Transgender Allies Group

Credit: TAG website

The Transgender Allies Group (TAG) is an advocacy group for transgender people in Nevada. They go to the Nevada state legislature and lobby to have bills passed and sometimes terminated.

TAG has been around since 2010. A bathroom bill brought TAG into existence. At the time, Nevada was considered one of the lowest states for LGBTQ welcomeness. As a result of massive legislation in this state over the years, Nevada, in 2020, was ranked number ONE by USA Today as the most LGBTQ-friendly state in the nation. The rankings looked at legislation, number of hate crimes, and LGBTQ population per state.

Some TAG wins here in our good ‘ole Nevada:

  • One of the easiest states to get ones birth certificate changed
  • It is very easy to change ones’ gender marker
  • No longer have to publish your name in the newspaper when you do a name change
  • No longer have to prove to the DMV that a 3rd party verifies who you are
  • One of the few states that has an X gender on drivers’ licenses

When I spoke with Sherrie Scaffidi, the president of TAG (see here and here for more on Sherrie) she said one of the reasons they have been so successful is that TAG has good rapport with the Nevada State Senators.  Nevada has four open LGBTQ legislators.
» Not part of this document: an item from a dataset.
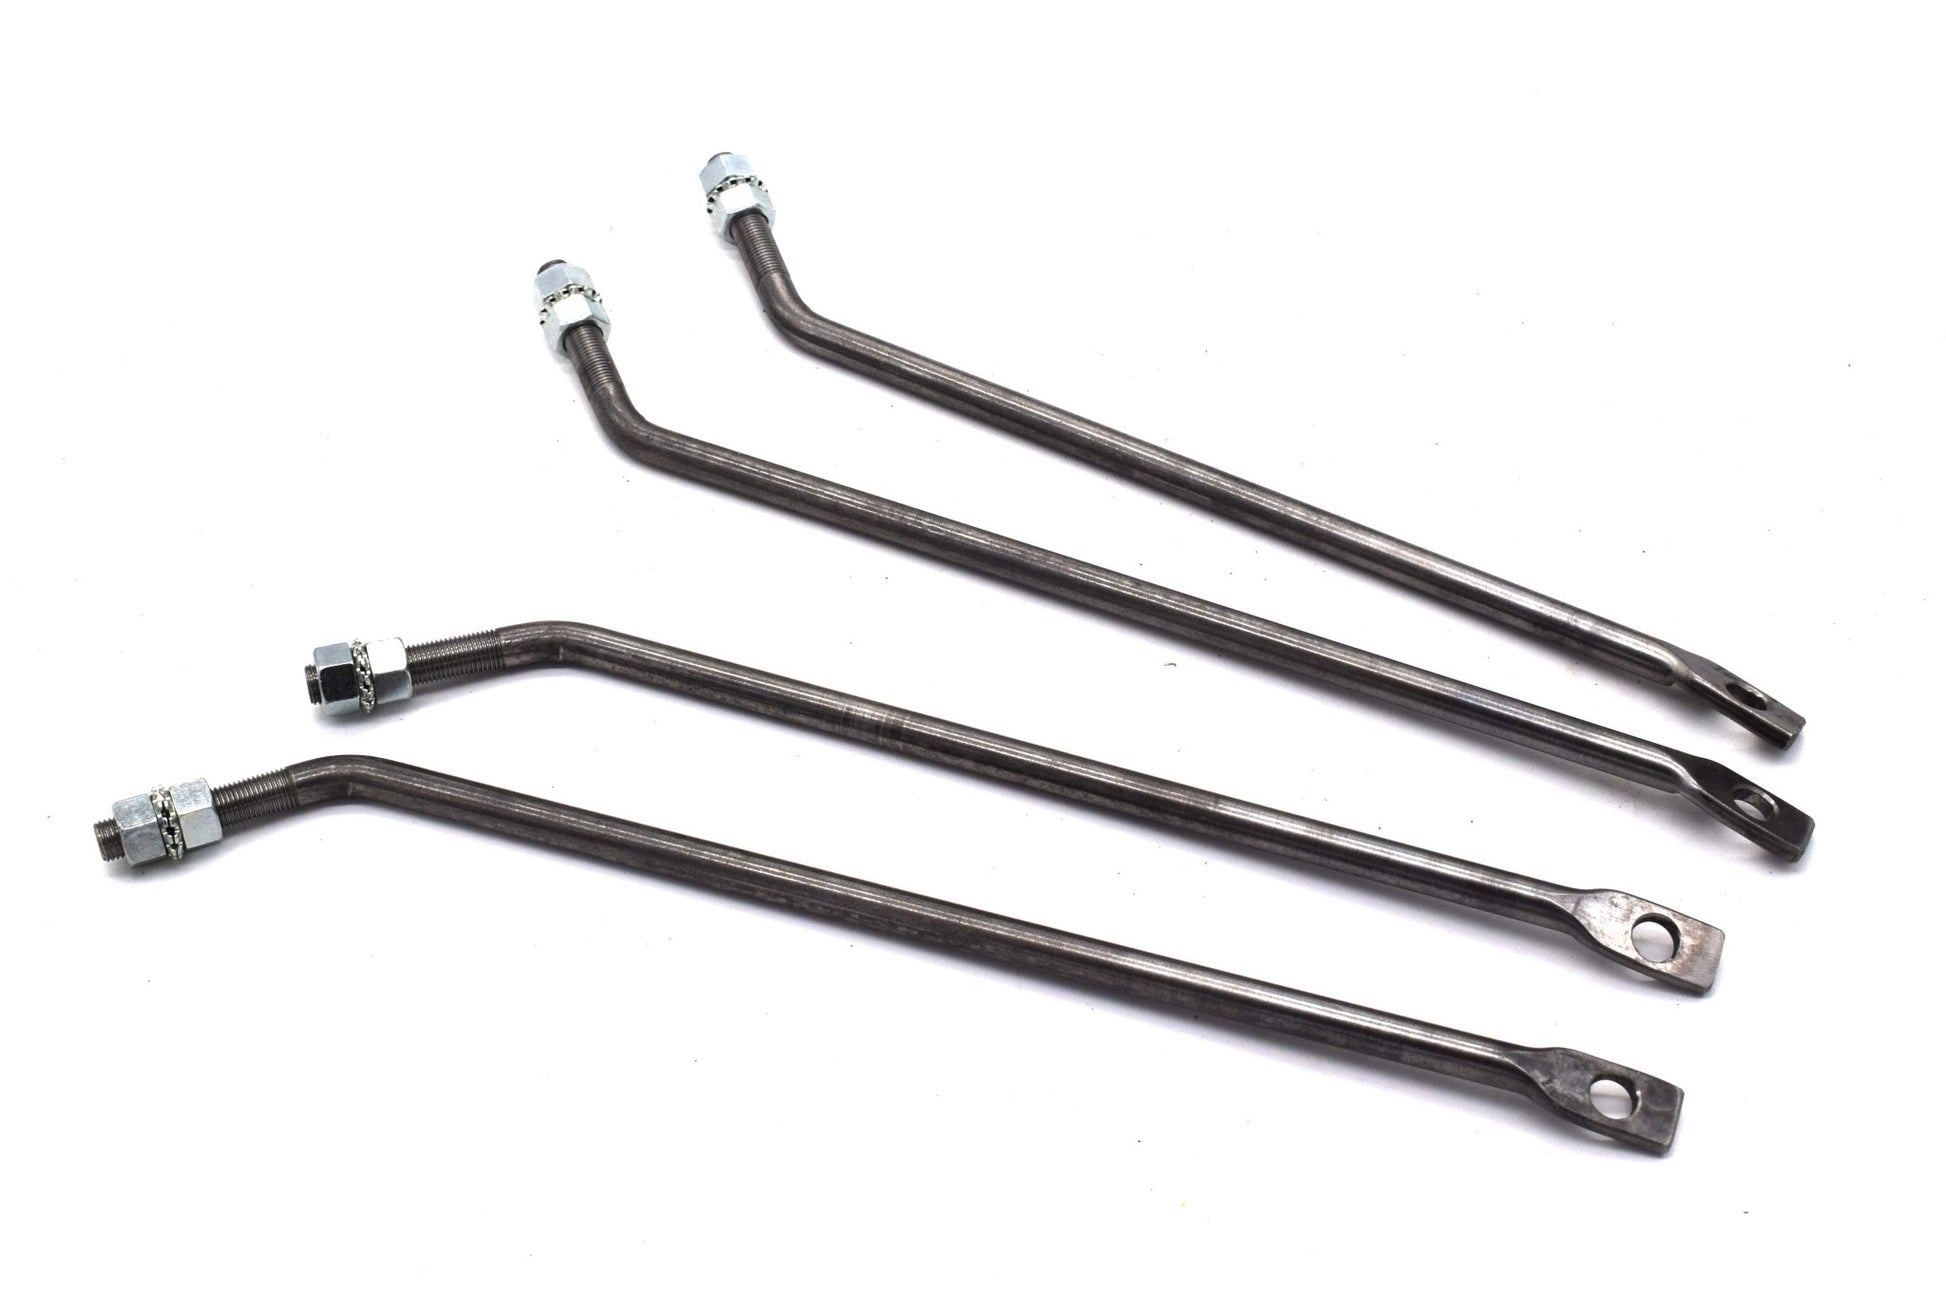 Rear Fender Rod Support Set, 1947-1963, Willys Pick Up Truck - The JeepsterMan

Sherrie said it has been easy to get them on board with getting various bills sponsored, supported, or killed.

The TAG board is currently comprised of two transgender women, two transgender men, and one cis gay man.  These folks are the president, secretary, treasurer, and two directors.

The meetings are held via Zoom on the fourth Thursday of every month in conjunction with Northern Nevada’s Carson City chapter of PFLAG, for which Sherrie is also the president. For anyone who is not familiar with PFLAG, they are the first and largest organization for LGBTQ people, their parents and families, and allies.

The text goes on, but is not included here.